ゆのみんと仲間たちー第44話「全員を温めようとして誰も温められない」

第44話「全員を温めようとして誰も温められない」

次の日、ゆのみんの『定位置』がなかった。

いつも座っている食卓の端。

子どもが水を飲んだ後に置かれることが多かった場所。

けれど今朝は――ゆのみんはキッチンの棚の上にいた。

あれ……? わたし、ここじゃなかったはず……

母が言った。

「最近、テーブルが散らかるから……ゆのみんはこっちに置いとこ」

軽く、何気ない言葉だった。

でも、ゆのみんの湯気に、小さな影を落とした。

そっか……わたし、今日は……食卓にいられないんだ……

湯気がふわりと揺れ、細くなった。

◆父と子どもの会話が、ちょうど届かない

棚の上から見下ろす位置は、いつもより少し遠い。

「今日の準備、できてるか?」

「うん……一応」

「一応、じゃなくて……」

言葉がつっかかり、父がため息をついた。

父さん……苛立ってる……でも子どもも……疲れてる……どうして、こんな朝なんだろ……
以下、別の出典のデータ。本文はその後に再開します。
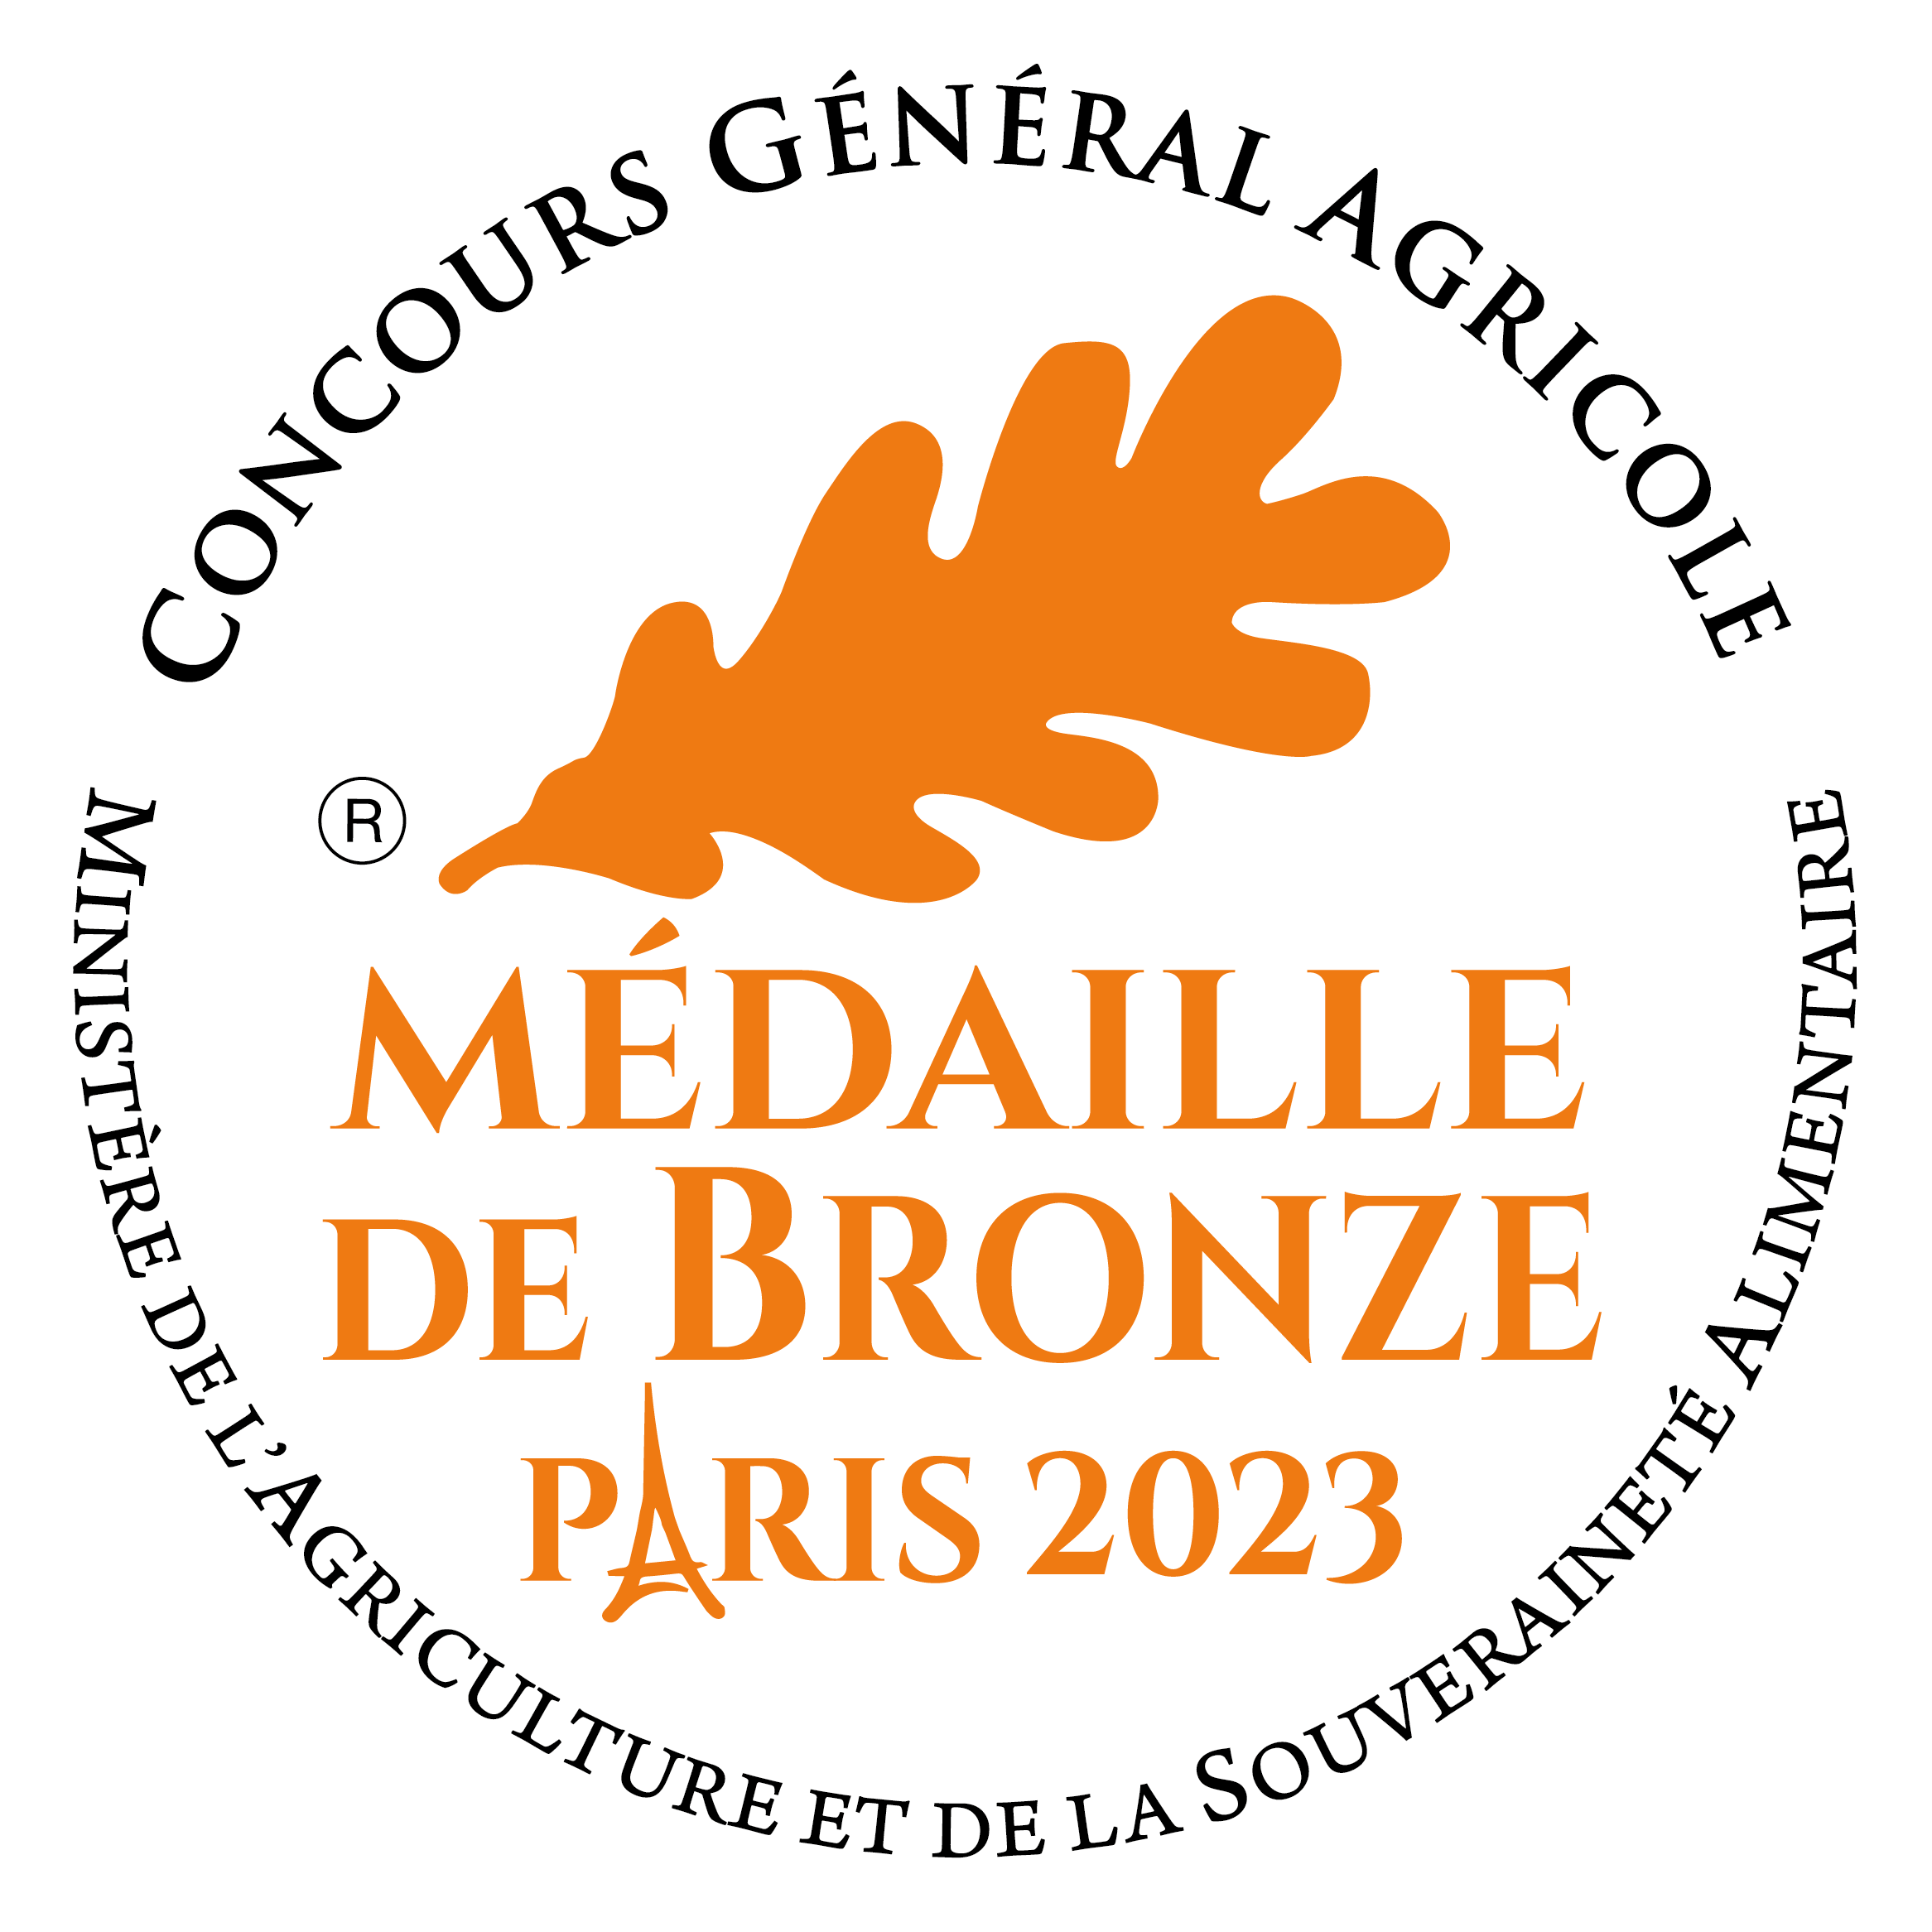 2023-Medaille_Bronze_concours_general_agricole_paris

ゆのみんは、いつもの場所にいないだけで、『家族の温度』が届かなくなることを知った。

湯気がほんの少しだけ消えた。

◆昼、母がひとりで飲んだお茶

夕方前。

母がひとりで台所に立ち、お茶を入れていた。

でも――そのお茶は、ゆのみんではなく別のカップに注がれた。

「ちょっと……気分を変えたくて……」

母は自分にそう言い聞かせるようにほっと息をついた。

ゆのみんには聞こえた気がした。

わたしじゃ……今日はだめなのか……

母が別のカップでお茶を飲むたびに、ゆのみんの湯気が静かにしぼんでいった。

こんなこと……前にもあったっけ……?

気づかなかっただけ……? それとも……今日、初めて……?

自分でもわかっていなかった。

ただ、『離れていく』感じだけが、胸の底にひっそり落ちていった。

◆夜、父のひと言が決定打になった

父が帰宅し、鞄を置き、母に声をかけた。

「なぁ……最近、食器増えてないか?」

「え? 増えてないよ」

「同じのが二つに見えるんだよな……」

「さあ……疲れてるんじゃない?」

夫婦の会話は短く終わった。

ゆのみんは、棚の上からその会話を聞き、胸の奥がひりっとした。

父さん……わたしのこと……気づいてないんだ……

ゆのみんは声を出そうとした。

でも器の声は、人間には届かない。

湯気がふるえ、光が弱まっていった。

温めたいのに……近くに……いられない……

わたし……ここに……いていいのかな……

『ぽたり』

湯気が一粒、涙のように落ちた。

◆深夜、〈ひとがま〉へ向かう道

その夜、ゆのみんはそっと棚から降り、家族に気づかれないようにテーブルを抜け出した。

家の外に出ると、夜風がひんやりしていた。

わたし……居場所を……なくしたのかな……

歩くたびに、湯気は揺れては細く、揺れては細く。

山道に差し込む月明かりだけが、ゆのみんをそっと照らしていた。

『ぽて、ぽて、ぽて』

〈ひとがま〉の灯りが見え始めたとき、ゆのみんはやっと少し息を吸えた。

ここでは……まだ……湯気を出してもいい……

土間に入り、火の前に座ると――『ふわり』湯気がほんの一瞬、戻ってきた。

……あぁ。わたし……ここで……温まりたい……

ゆのみんは小さくつぶやいた。

「……喪失って……こういう静かなものなんだね……」

火は、ゆっくり寄り添うように揺れた。